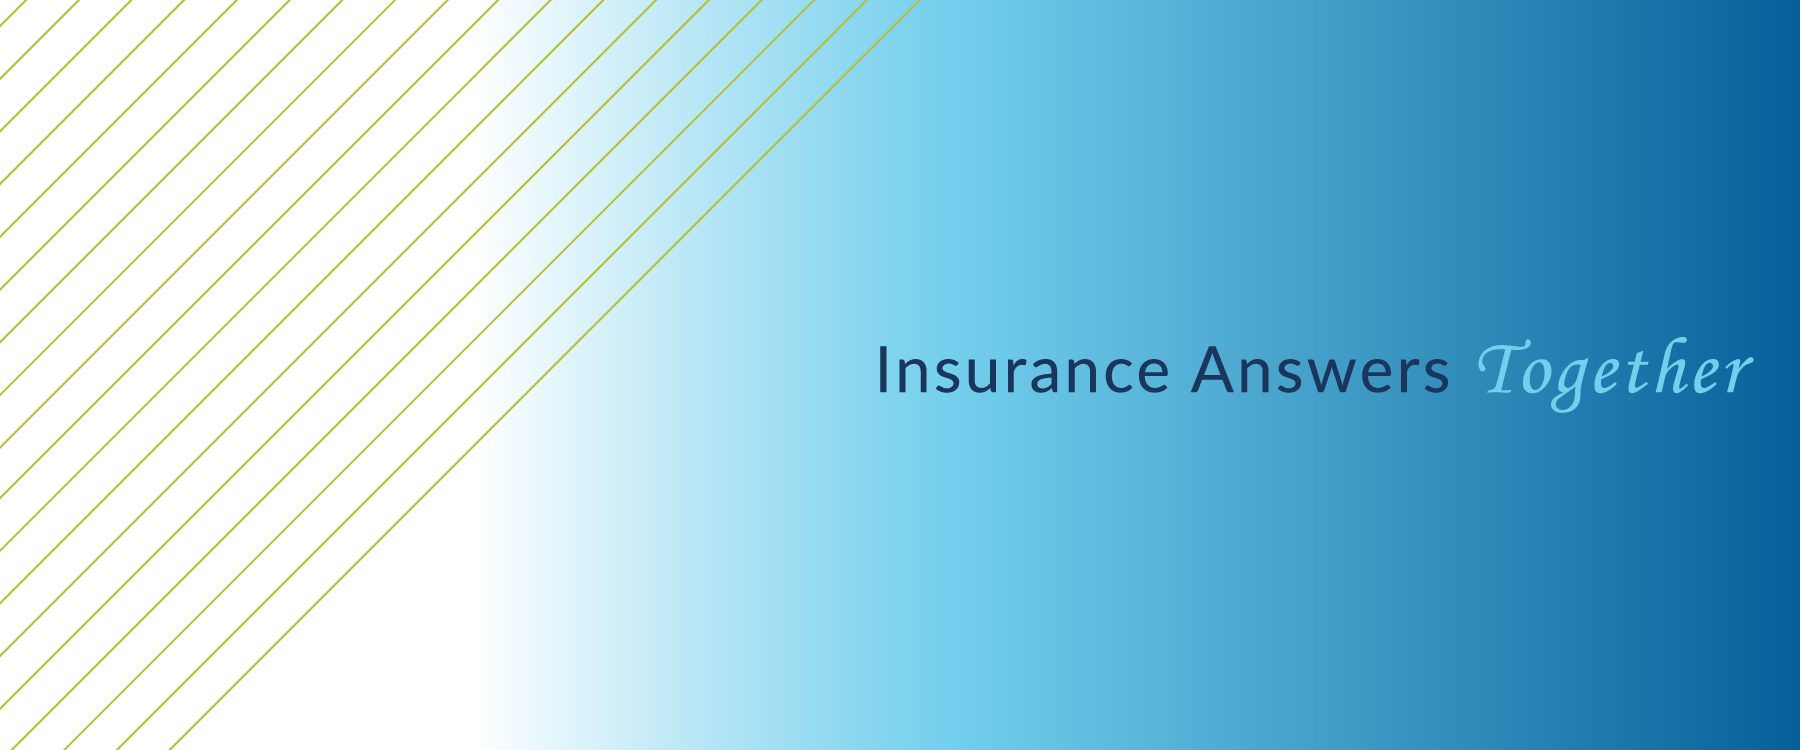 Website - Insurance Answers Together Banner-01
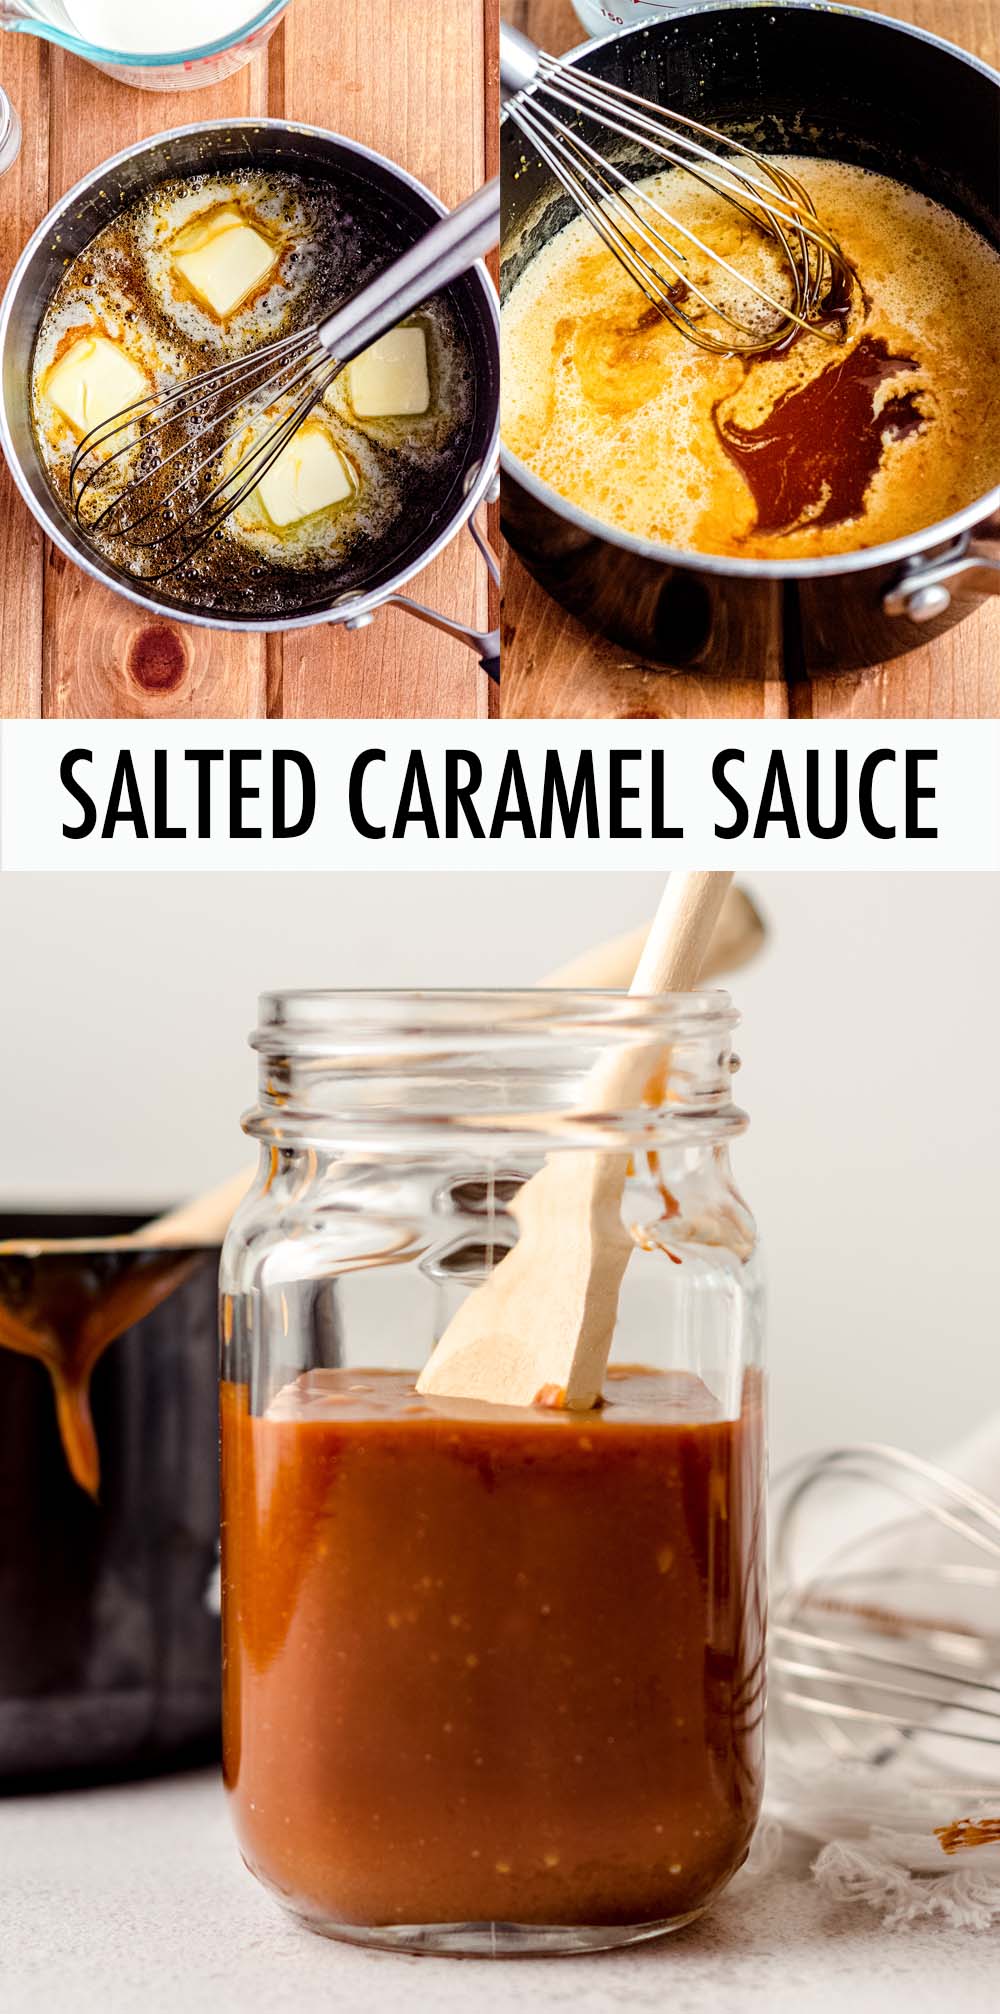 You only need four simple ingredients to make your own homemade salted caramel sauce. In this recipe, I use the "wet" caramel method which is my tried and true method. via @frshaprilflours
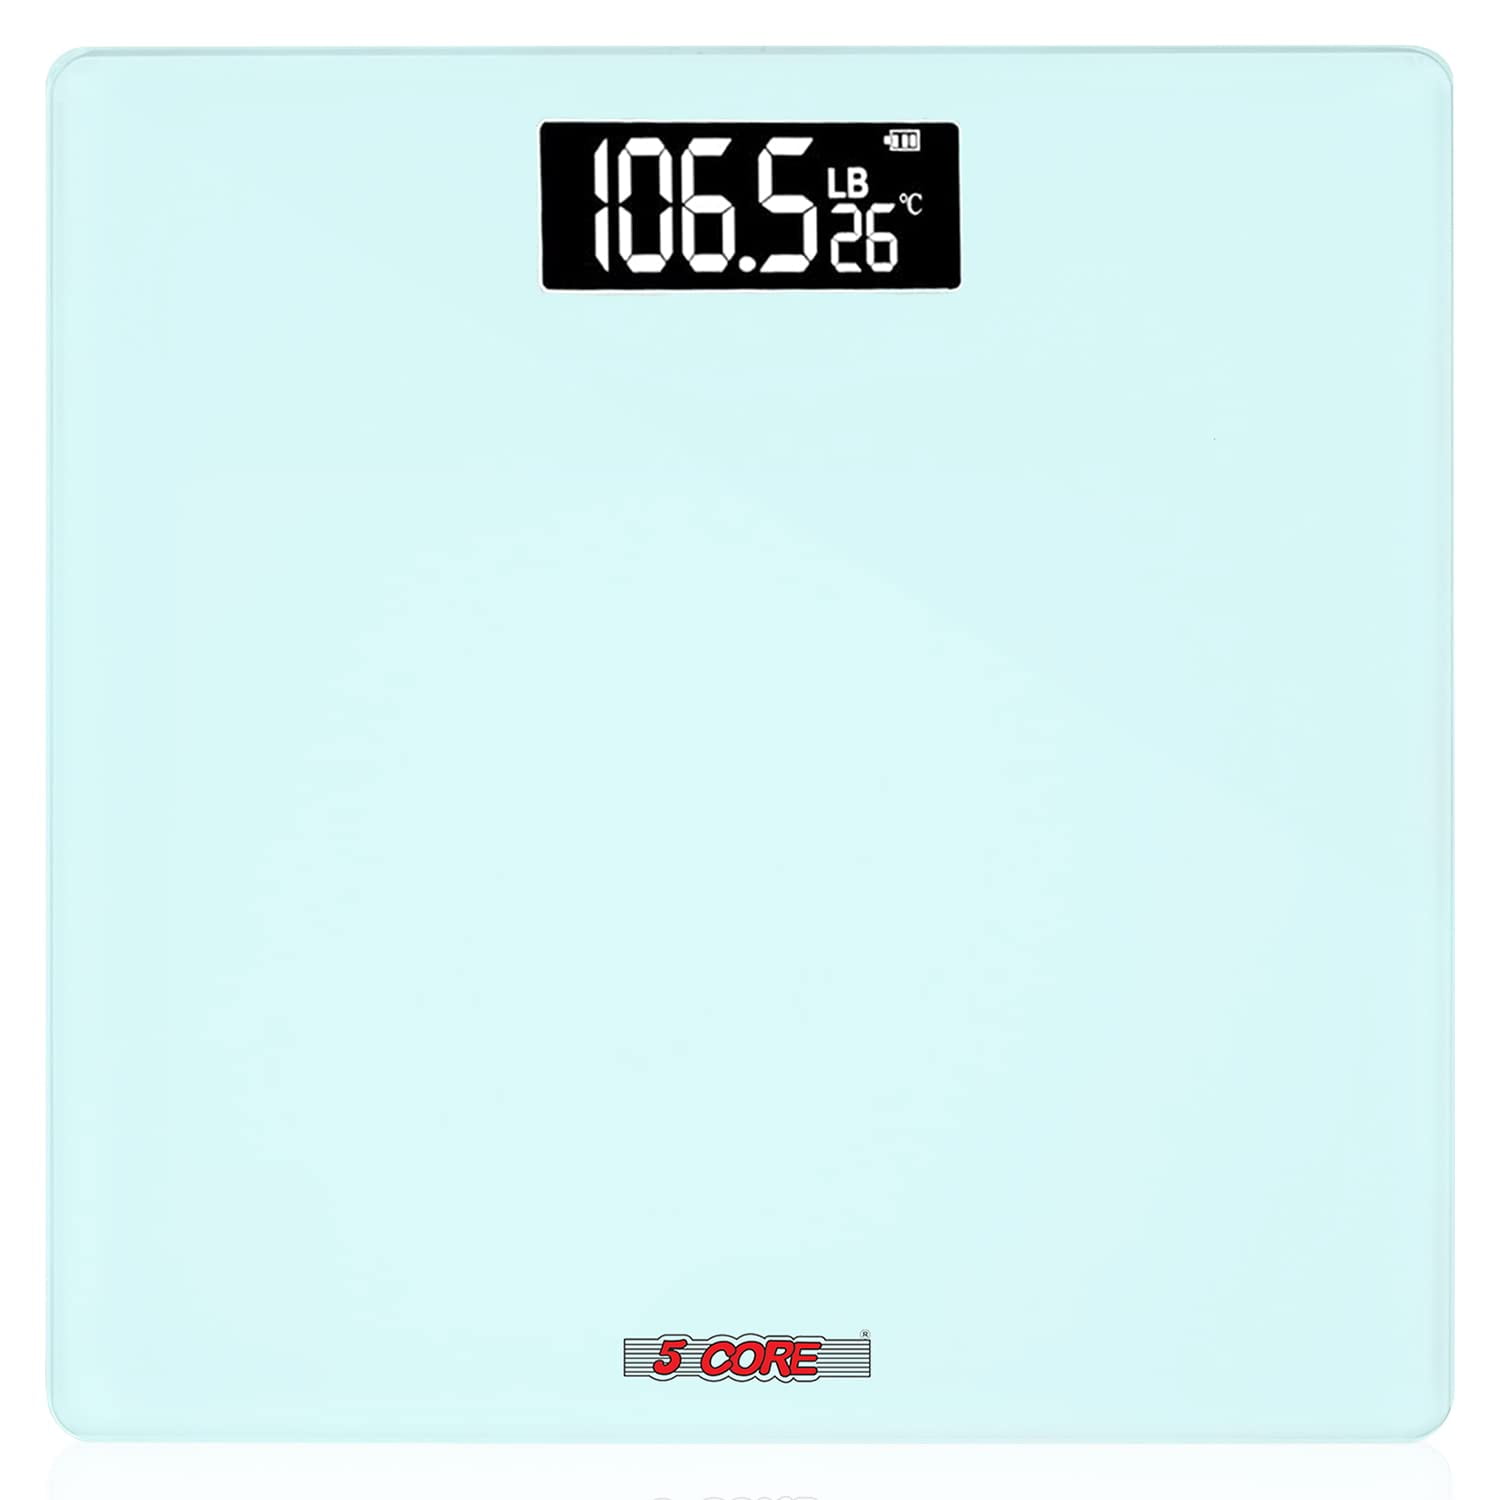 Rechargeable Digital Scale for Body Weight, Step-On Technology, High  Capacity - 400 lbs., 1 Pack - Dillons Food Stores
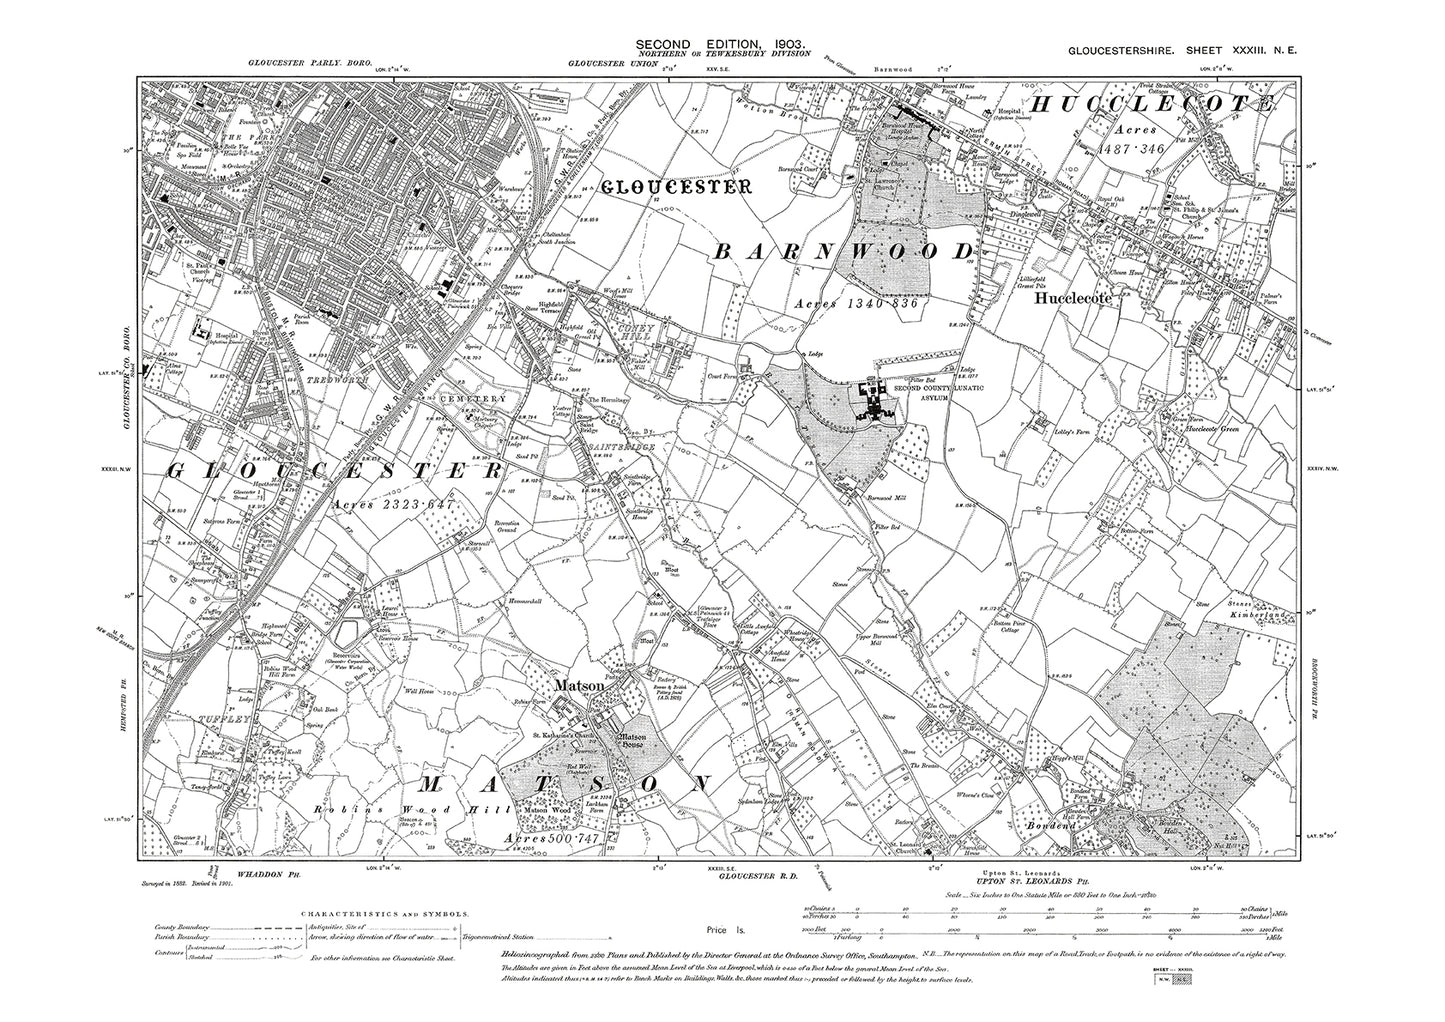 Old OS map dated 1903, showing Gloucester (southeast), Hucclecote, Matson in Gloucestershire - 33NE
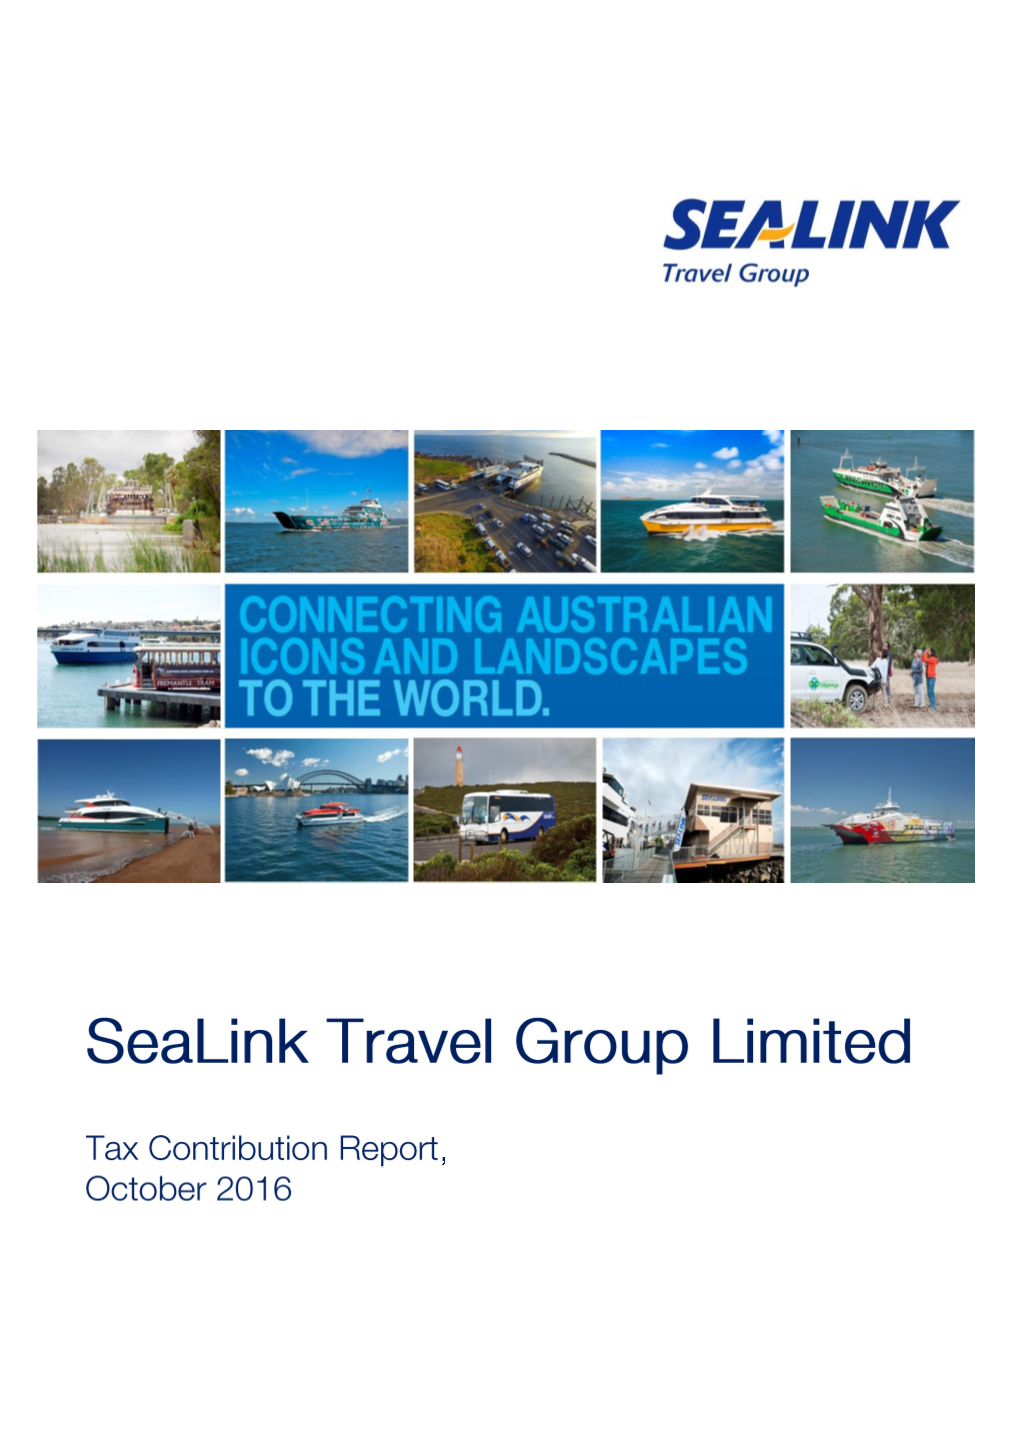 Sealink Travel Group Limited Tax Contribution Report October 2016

•••••

§ Problem requirements:
Every record above must be copied exactly, and no picture may appear in the copy.

§ Response to this task:
 Website - Insurance Answers Together Banner-01
 You only need four simple ingredients to make your own homemade salted caramel sauce. In this recipe, I use the "wet" caramel method which is my tried and true method. via @frshaprilflours
 Rechargeable Digital Scale for Body Weight, Step-On Technology, High  Capacity - 400 lbs., 1 Pack - Dillons Food Stores
 Old OS map dated 1903, showing Gloucester (southeast), Hucclecote, Matson in Gloucestershire - 33NE
 Sealink Travel Group Limited Tax Contribution Report October 2016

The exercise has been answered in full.